I keep banging my head against the wall until bright red mixes with the clear water.
"Vlad?" I think I hear a voice calling my name. I'm barely conscious as Sisi climbs into the shower with me, her arms wide open as she takes me in her embrace.
"You're safe," she whispers in my hair. "You're safe now." Her soft hand caresses me and my body slowly regains its function.
"I..." I start when I regain lucidity, "I'm sorry," I say in a small voice, seeing the situation I find myself in.
"What happened?" Her gaze is gentle as she looks at me, her touch so comforting.

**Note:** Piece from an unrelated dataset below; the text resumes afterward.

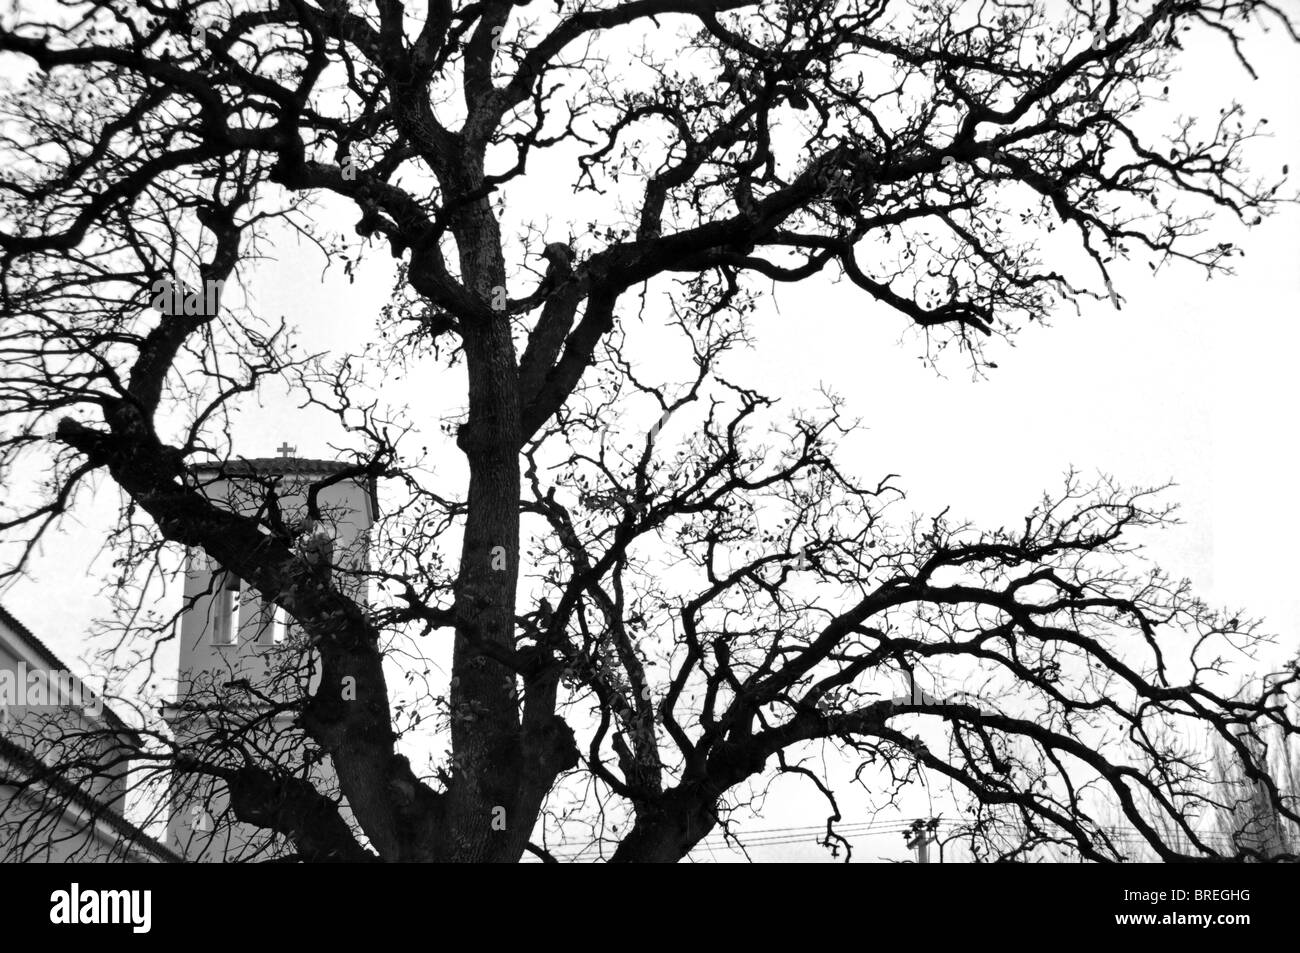 Chêne de l'église cachée par les branches d'arbres silhouette. Noir et blanc. Banque D'Images

"Project Humanitas..." I barely manage to say the name out loud. "They killed my sister."
"What?" She frowns. "How do you know?"
"Not Katya..." I whisper, "My twin sister, Vanya."
And they made me what I am today.
16
SISI
"Sisi, you don't look too well," Lina mentions when she sees me at breakfast. I give her a tight smile, even though I know I must have pretty bad dark circles, since for the last week I've been sneaking out almost daily to see Vlad. I don't even remember when I last had a full night's sleep.
Still, I wouldn't trade the time spent with Vlad for sleep, not when everything about him is so... fascinating.
True to his word, he's shown me around the city and taken me wherever I wanted. But we spend most of our time at his house, where we talk about everything and nothing.
What I've found about him has just confirmed my first impression. Loneliness clings to him like a second skin, and I can tell that even the small things I do surprise him. It's like he expects me to bolt at any point.
"Are you afraid yet?" he'd ask, almost jokingly, but I can see the truth in his eyes. He's afraid that he's going to do something and scare me.
He's afraid I'm going to leave him.
Frankly, the more I see how his life looks, the more I feel sorry for him. He barely talks to people outside of his right hand, Maxim. Evenwith him, he exchanges a few sentences here and there, mostly via text. The rest of the time? He might be planning his revenge or world domination, but he's doing it all by himself.
With his bare room, or the fact that his entire home is underground, it's hard not to feel sad for his bleak existence.
But I can see why. He's not... normal. Hell, he's probably the definition of unhinged. Even knowing that, I can't stay away though. He's just... him.
And in a wicked way, we complement each other. He feeds my need for destruction and I feed his need for sanity.
God!
I fan myself as I find my thoughts heading into R-rated territory. He hasn't kissed me again or asked for me to kiss him, even though it's all I can think about sometimes when I'm near him.
The sensations he'd wrought from my body had been simply otherworldly. There's no other way to describe the way my body had opened up for him, showing me it was capable of great pleasure instead of pain.
Ah, and his kiss... The fact that he's never kissed another woman before had delighted me beyond measure. For the first time, I felt that something was truly mine. No one had been that close to him, and no one will if I have anything to say about it.
Because one week's been enough for me to decide something.
I'm going to keep him—dysfunctional personality included.
He hadn't mentioned the bathroom incident and I hadn't probed. Seeing him so lost, so full of suffering, had done something to my heart. I'd wanted nothing more than to hug him and take away all of his hurt.
"You aren't hungry?" I'm brought down to earth by Lina's voice—again. I've been so absent-minded lately, mostly because all my thoughts revolve around one man—and his wicked lips.
"Oh, sorry, just woolgathering." I smile, helping myself to the food on the table.